En estos días, el liderazgo político vuelve a dominar los titulares. Cargos de alta dirección pública se abandonan, se reasignan, se reinventan. Algunos se van para enfrentar nuevos desafíos; otros simplemente se mueven en el tablero de poder. Pero más allá de simpatías, lealtades partidistas o colores políticos, hay una verdad que permanece: el liderazgo es el factor decisivo.
El liderazgo no nace en una oficina ni se decreta desde un boletín oficial. Se gesta en casa, se moldea en la escuela, madura en la universidad o en el trabajo. Pero se consolida con la vida. Es una construcción diaria, constante, imperfecta. Y aunque se puede estudiar y perfeccionar, nunca se termina de aprender.
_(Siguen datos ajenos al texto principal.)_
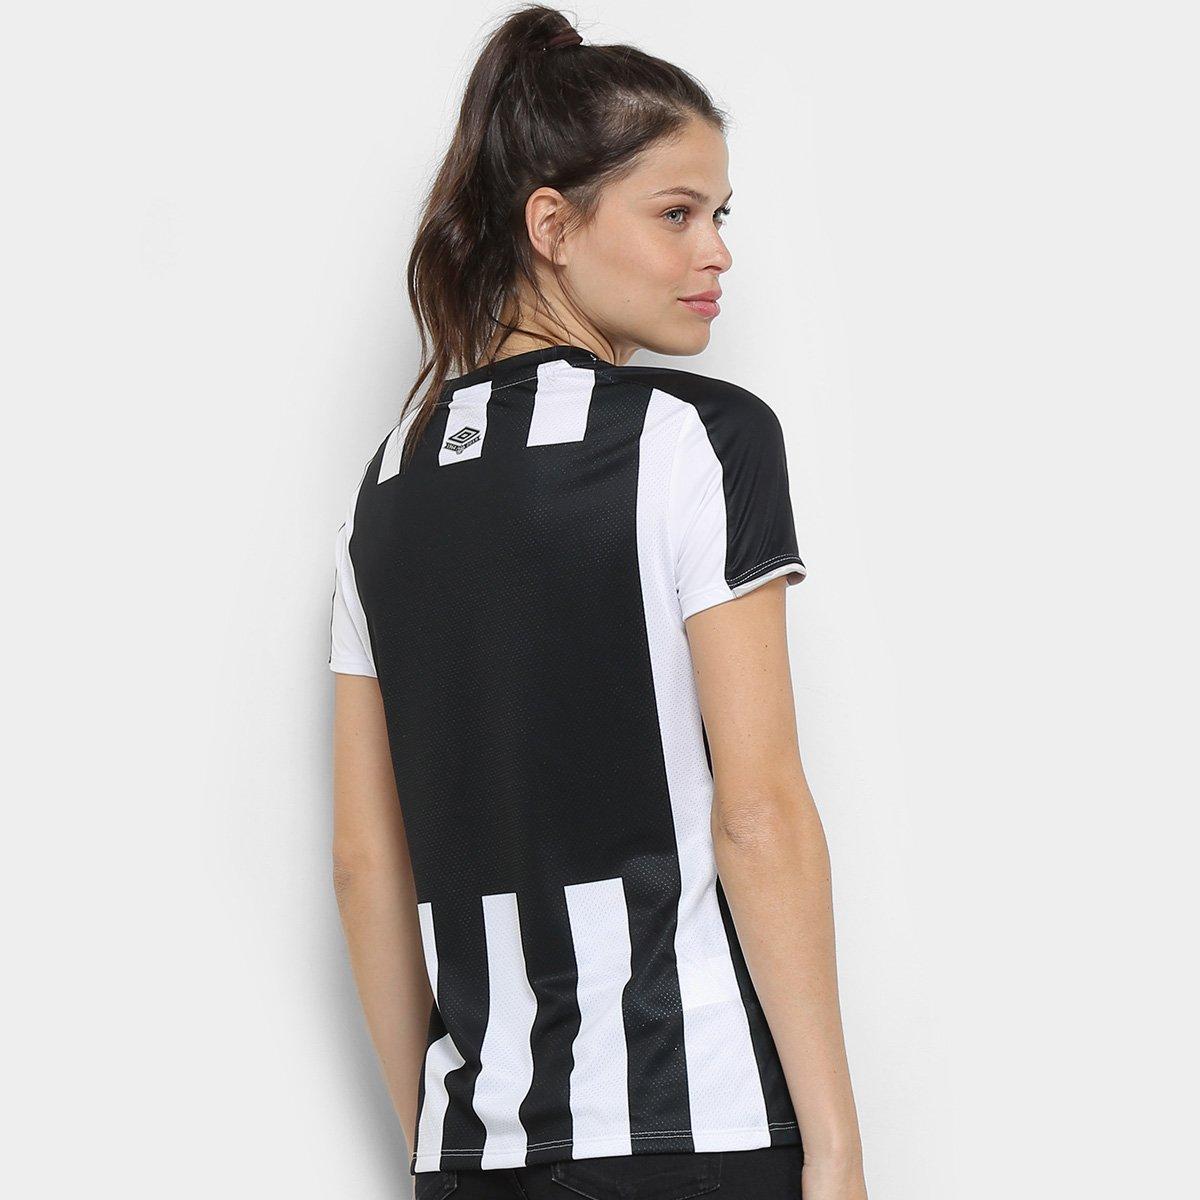 bb592ddd9 ... Pré-Venda Camisa Santos II 2019 s nº Torcedor Umbro Feminina ...

Porque liderar no es solo mandar; es sostener responsabilidades, inspirar movimientos, tomar decisiones que afectan a muchos, desde los sectores más vulnerables hasta los más poderosos.
Y sí, el liderazgo es como un campeonato de fútbol. No se gana solo con estrellas. Se gana con equipo. El buen líder, como un buen técnico, entiende que no todos juegan igual ni en la misma zona del campo. Sabe qué rol tiene cada uno, cómo aprovechar sus fortalezas y cuándo es el momento de dar un pase clave o dejar que otro anote el gol. No hay lugar para los caudillos solitarios ni para quienes se sienten indispensables. La clave está en leer el juego, anticipar jugadas, motivar sin gritar, corregir sin humillar y confiar en que el talento colectivo supera al ego individual.
Liderar desde la individualidad puede generar resultados puntuales, pero sostener un proyecto, una institución o un país exige juego colectivo. Exige horizontalidad, escucha, empatía, apertura. En el liderazgo actual, quien no entienda que la inteligencia compartida construye más que la imposición vertical, está condenado a gerenciar con esquemas obsoletos. A repetir fórmulas vencidas. A firmar autogoles sin siquiera darse cuenta.
Aferrarse a un cargo como si fuera una propiedad privada, temerle al relevo, resistirse al cambio, es estancarse. Y peor aún: condenar a todo un equipo al inmovilismo. No se trata solo de ceder el turno, sino de refrescar la cancha. De dejar atrás el “así se ha hecho siempre” y abrir la puerta a nuevas tácticas, nuevos liderazgos, nuevas formas de jugar. Porque en el fondo, liderar también es saber cuándo pasar la pelota.